Concerning clomiphene citrate, this may in rare cases cause mild side effects such as headache, nausea, hot flashes, or vision disturbances which are fully reversible after interruption of administration.
As for gonadotropins, they do not cause primary side effects but only secondary ones due to the ovarian hyperstimulation. So, the stronger the ovarian response to gonadotropins is, the more frequent and expected the side effects are (such as bloating in the abdomen, abdominal pain, or breast pain). Certainly, the most serious side effect is the one known as ovarian hyperstimulation syndrome which cannot always be predicted and avoided as its occurrence is much contributed by the woman’s own characteristics. According to its severity, this syndrome is characterized by ovarian distention, fluid collection into the woman’s abdomen (or even into the thorax), abdominal distention, nausea, vomiting, breathing difficulty, tendency to thrombosis, kidney function disorders. Fortunately the ovarian hyperstimulation syndrome occurs in a small number of cases, the treatment of which must be meticulous.
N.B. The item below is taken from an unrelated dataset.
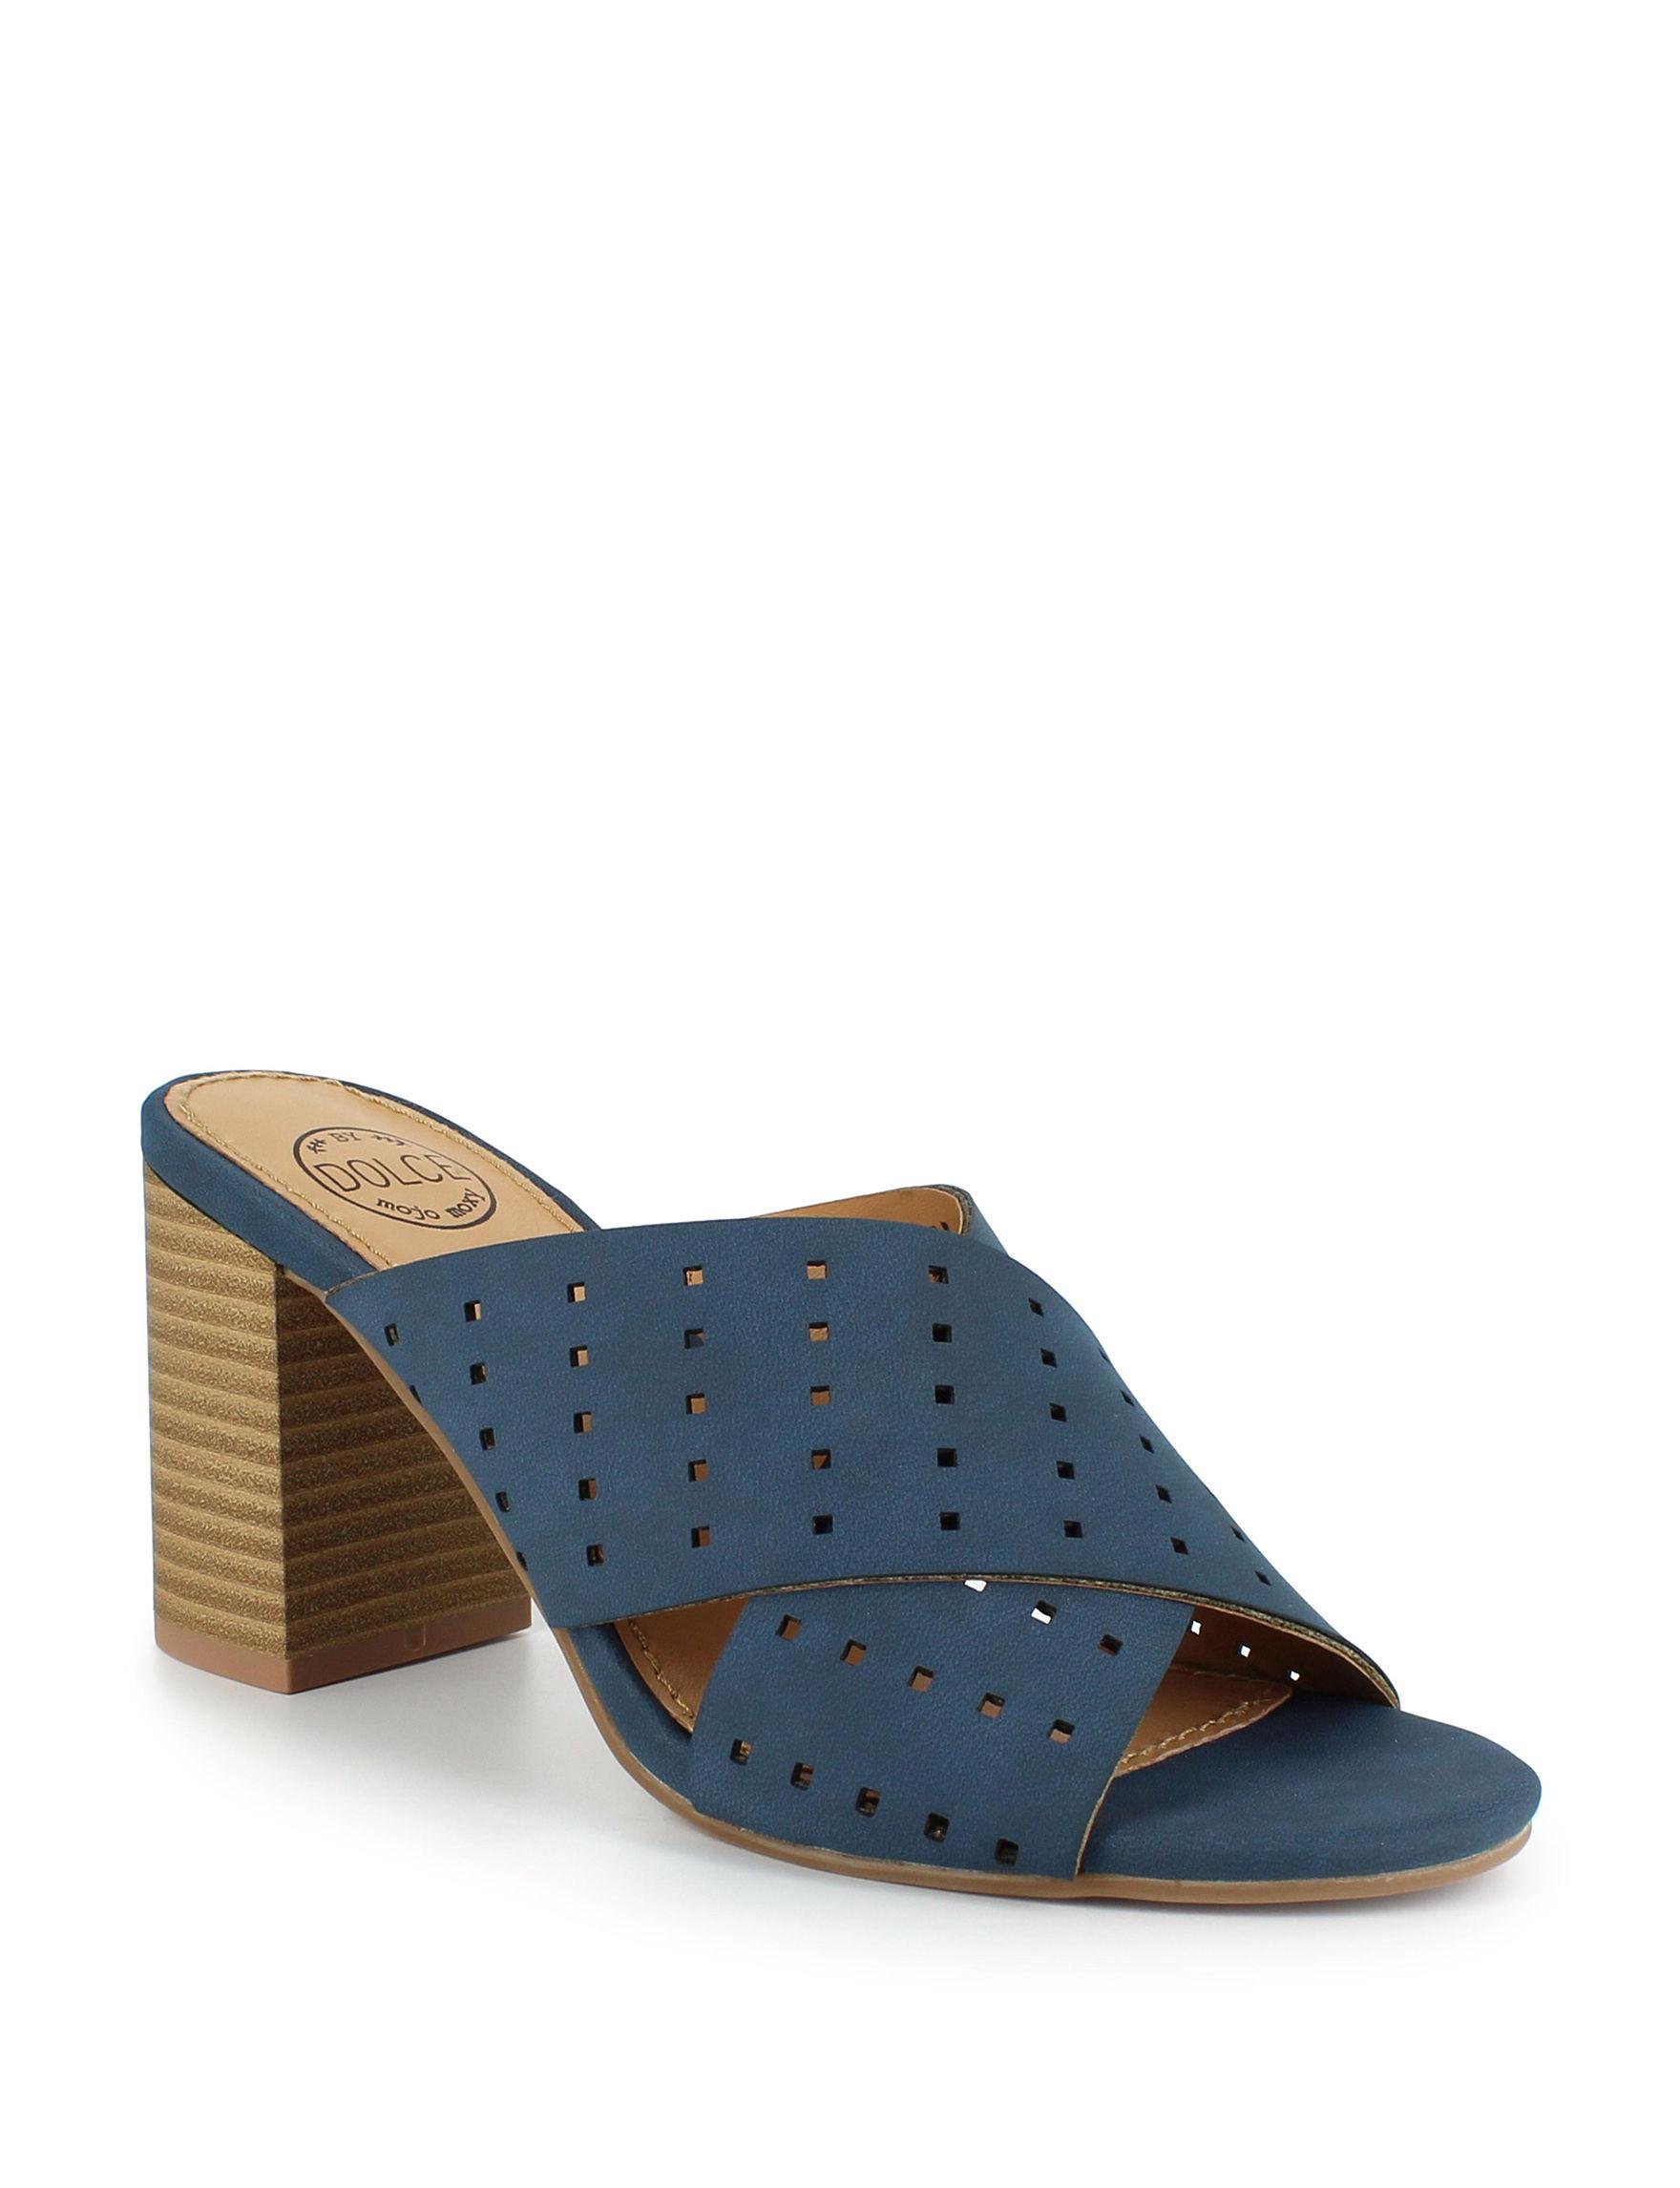 Dolce by Mojo Moxy Indigo Heeled Sandals

This question is almost always posed by couples that will join an IVF program, and becomes more anxious if the woman has to undergo many IVF efforts. The main concern is about the association of fertility drugs with the risk of developing various forms of gynecological cancer. So the answer to this question must be careful and scientifically grounded.
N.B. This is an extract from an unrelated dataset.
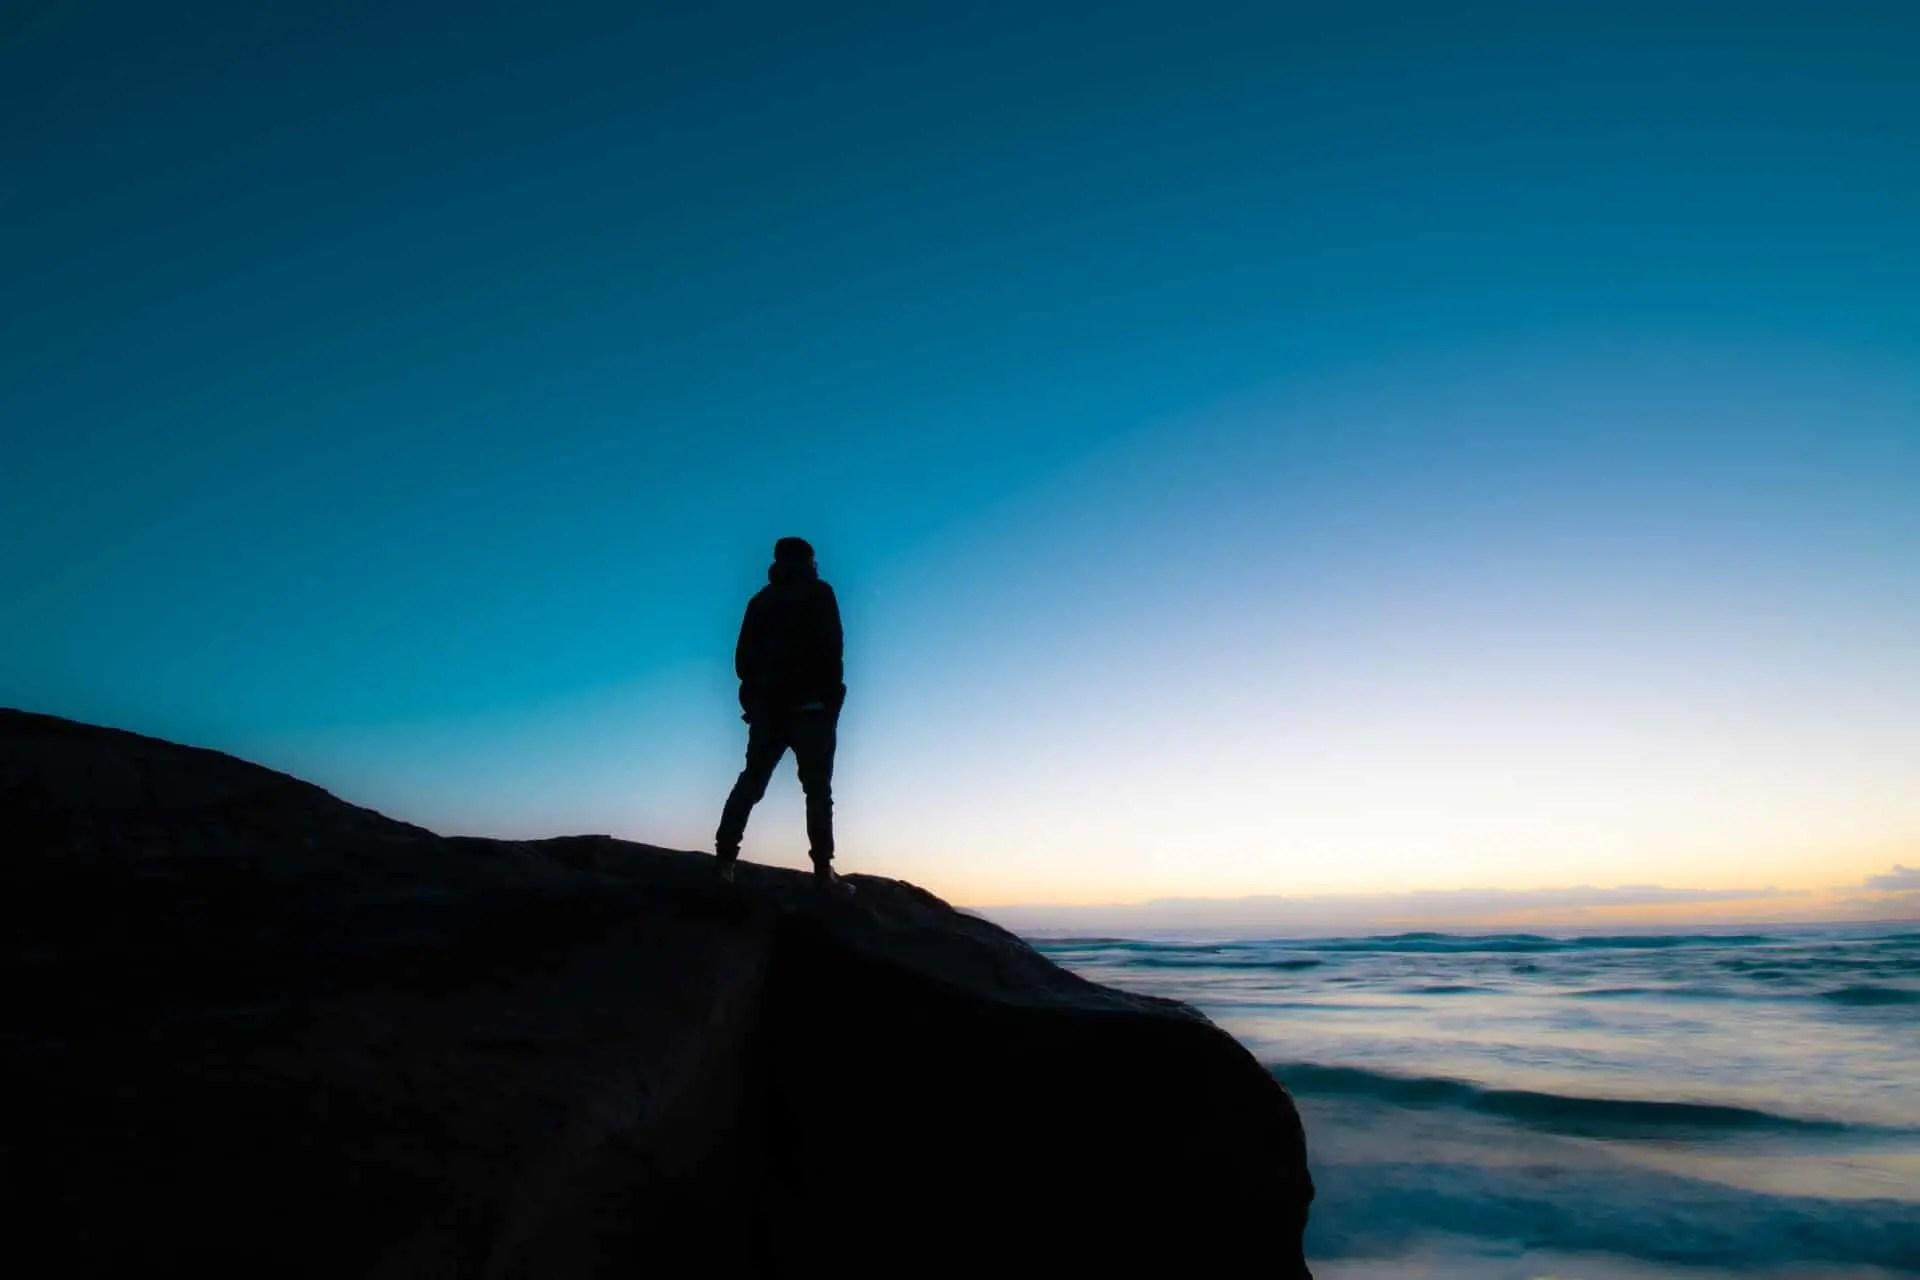 Man Overlooking Sea

The relation between fertility drugs and breast cancer has been investigated in 12 large, reliable studies. In nine out of those studies there has been no proof of any statistically significant association between fertility drug intake and risk of breast cancer; in one of them an increase of risk was observed in the generally subfertile population regardless the intake of drugs; in one of them there was only a temporary increase in cancer occurrence (for the first year of drug intake) which was attributed to the development of pre-existing tumors; in only one of those studies (which was of a relatively low statistical validity) an increase in cancer occurrence was observed, and that was only in women using drugs for more than six ovarian stimulation cycles. It should be noted that the abovementioned conclusions regard ‘fresh’ ovarian stimulation cycles and not cryopreserved embryo-thawing transfer cycles. Subsequently, the results drawn until now are rather reassuring about the safety against future cancer development in women having undergone IVF efforts.
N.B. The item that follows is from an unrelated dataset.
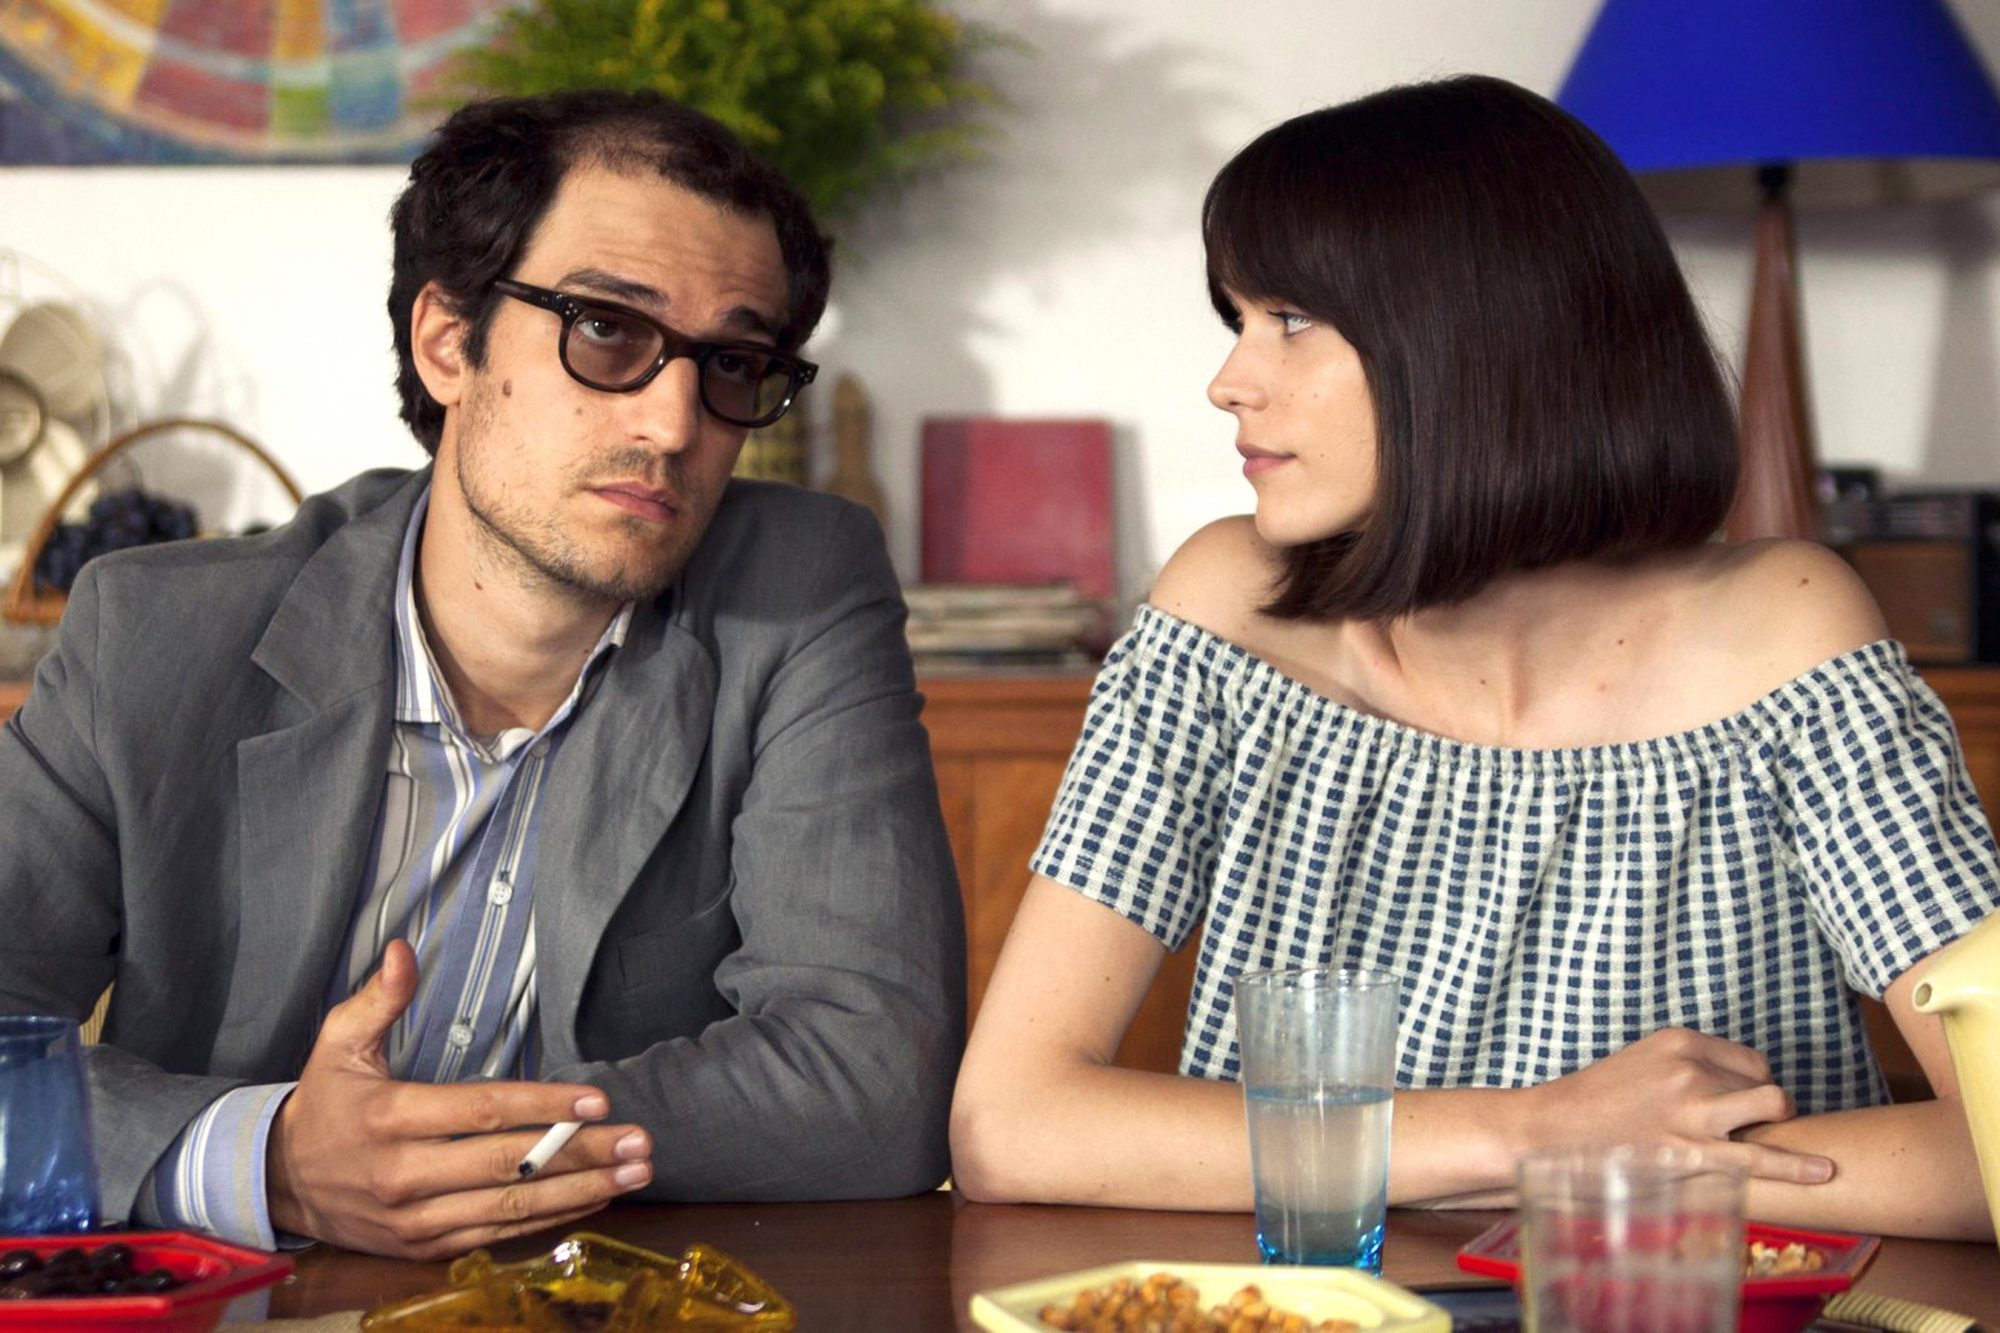 Godard Mon Amour (2018)Louis Garrel and Stacy MartinCR: Cohen Media Group

The relation between fertility drugs and endometrial cancer has been investigated in six large studies; none of these studies have revealed any significant correlation between administration of gonadotropin injections and increased risk of developing this type of cancer. Finally, the results drawn from a great number of reliable studies on the investigation of correlation between fertility drugs and risk of ovarian cancer appear to be equally reassuring.